_DESCRIPTION OF THE TASK_
Starting at the line that contains "Канистра Альтернатива, 20" and stopping at the line that contains "سكان عقار: قسم", restate each line of the records below exactly. Omit the pictures.

[INPUT — start]

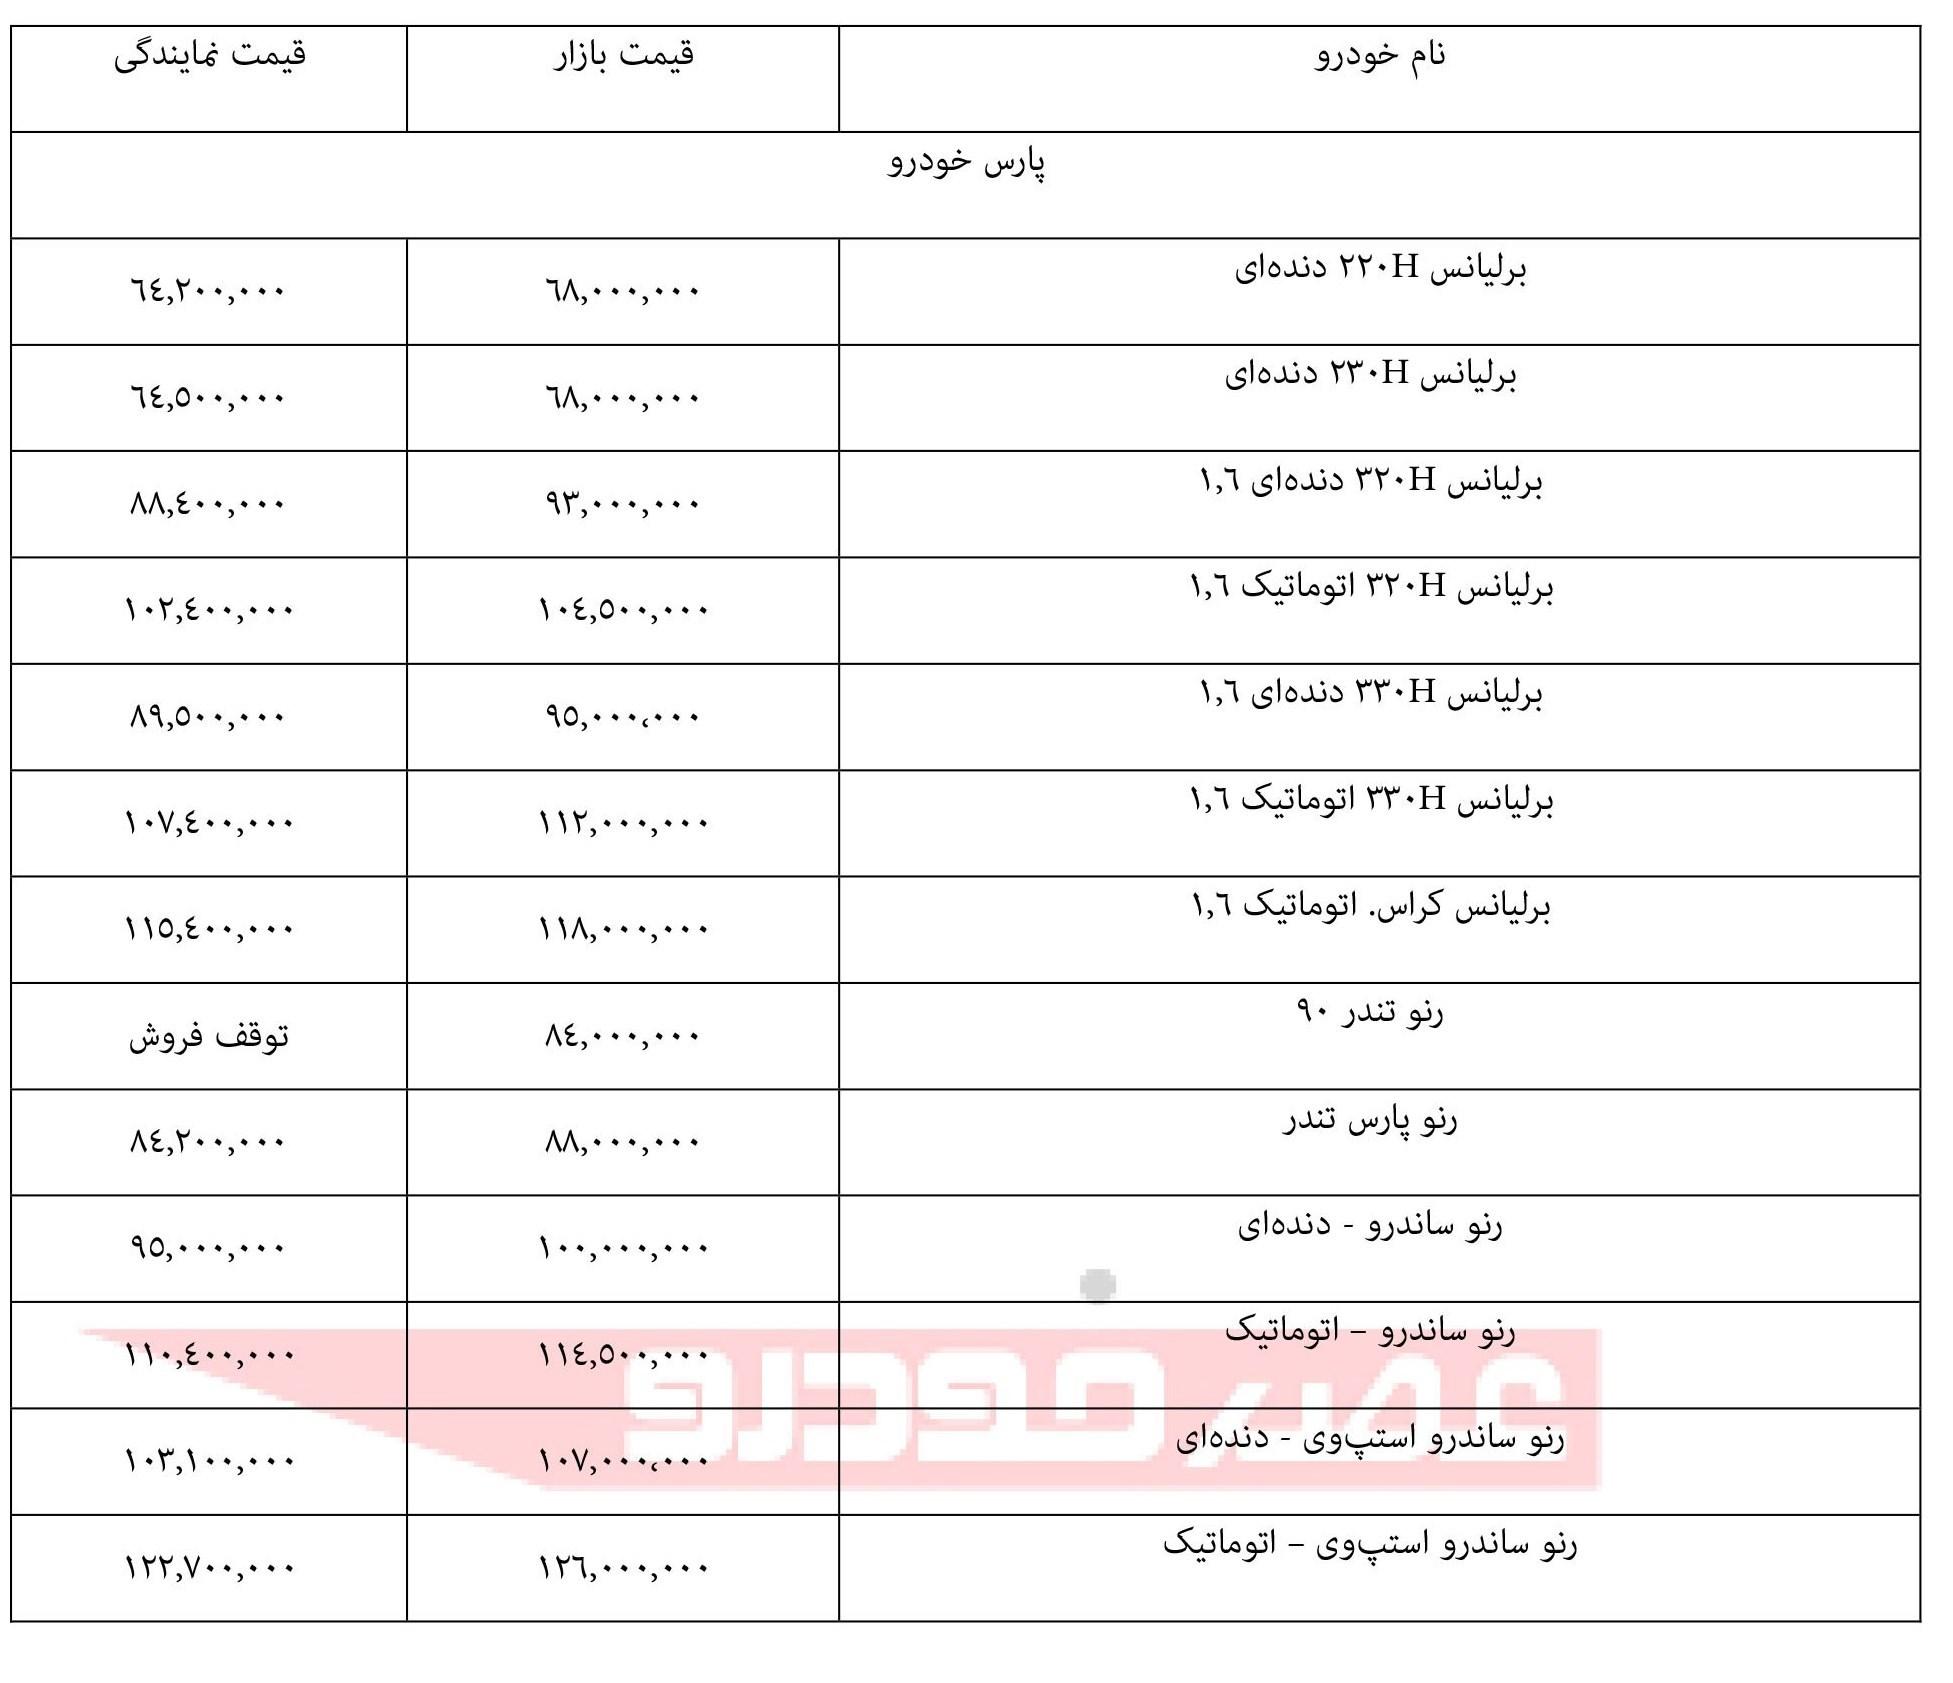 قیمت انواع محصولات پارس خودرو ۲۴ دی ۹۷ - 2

[INPUT — finish]
[INPUT — start]

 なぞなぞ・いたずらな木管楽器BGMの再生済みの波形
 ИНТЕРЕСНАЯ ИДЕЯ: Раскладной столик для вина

[INPUT — finish]
[INPUT — start]

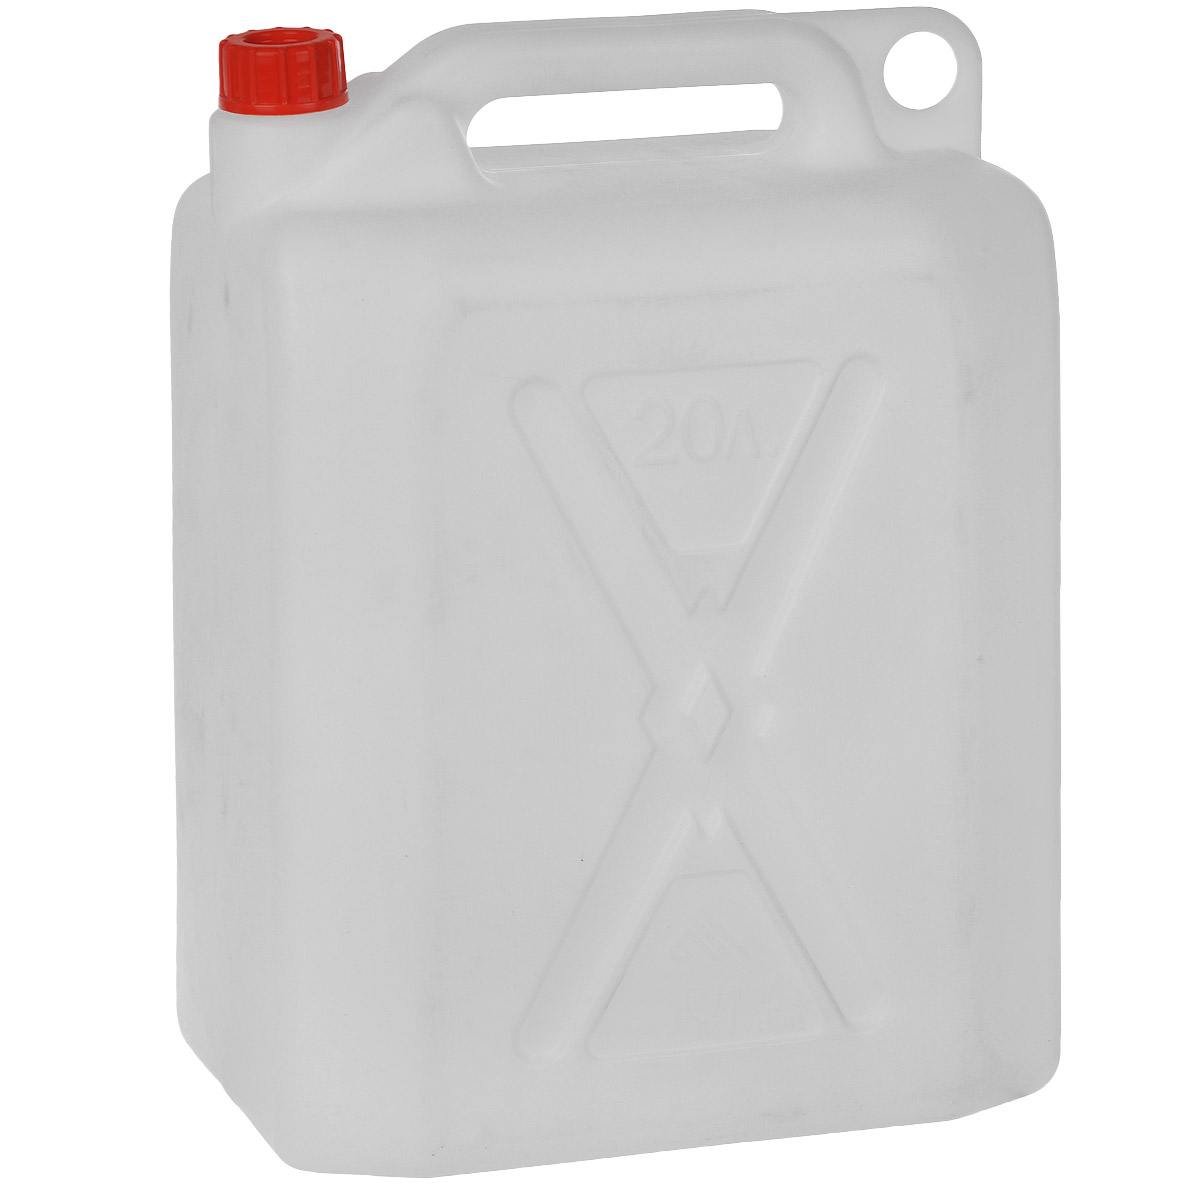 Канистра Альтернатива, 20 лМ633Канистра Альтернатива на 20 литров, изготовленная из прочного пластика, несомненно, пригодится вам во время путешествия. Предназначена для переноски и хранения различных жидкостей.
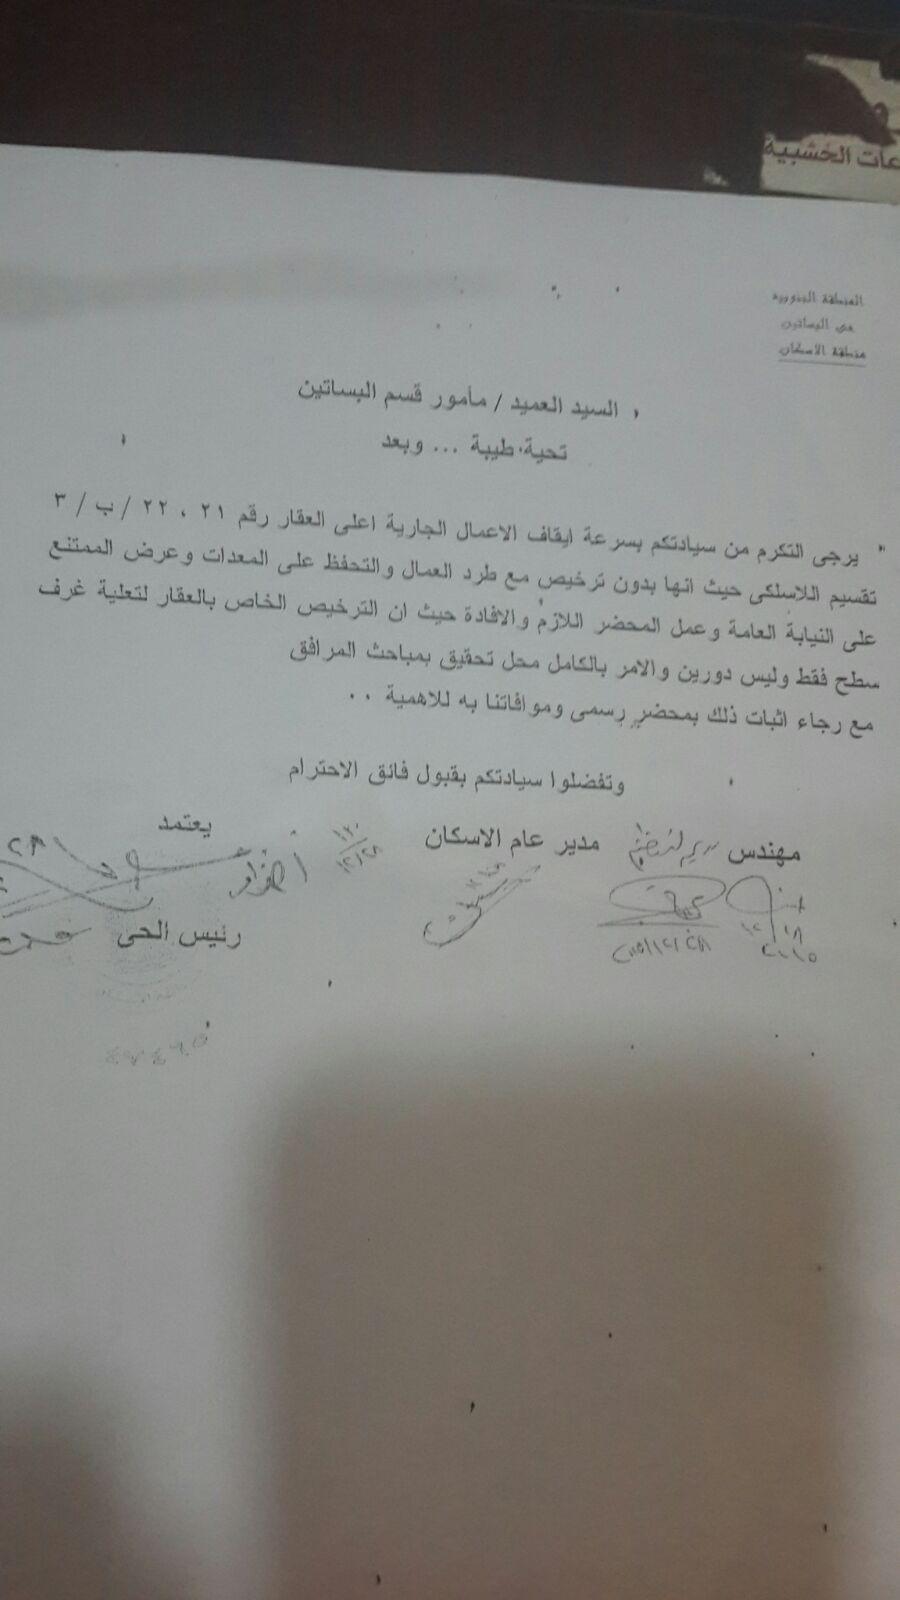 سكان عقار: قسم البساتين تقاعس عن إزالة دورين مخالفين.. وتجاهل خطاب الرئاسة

[INPUT — finish]

_EXERCISE OUTPUT_
 Канистра Альтернатива, 20 лМ633Канистра Альтернатива на 20 литров, изготовленная из прочного пластика, несомненно, пригодится вам во время путешествия. Предназначена для переноски и хранения различных жидкостей.
 سكان عقار: قسم البساتين تقاعس عن إزالة دورين مخالفين.. وتجاهل خطاب الرئاسة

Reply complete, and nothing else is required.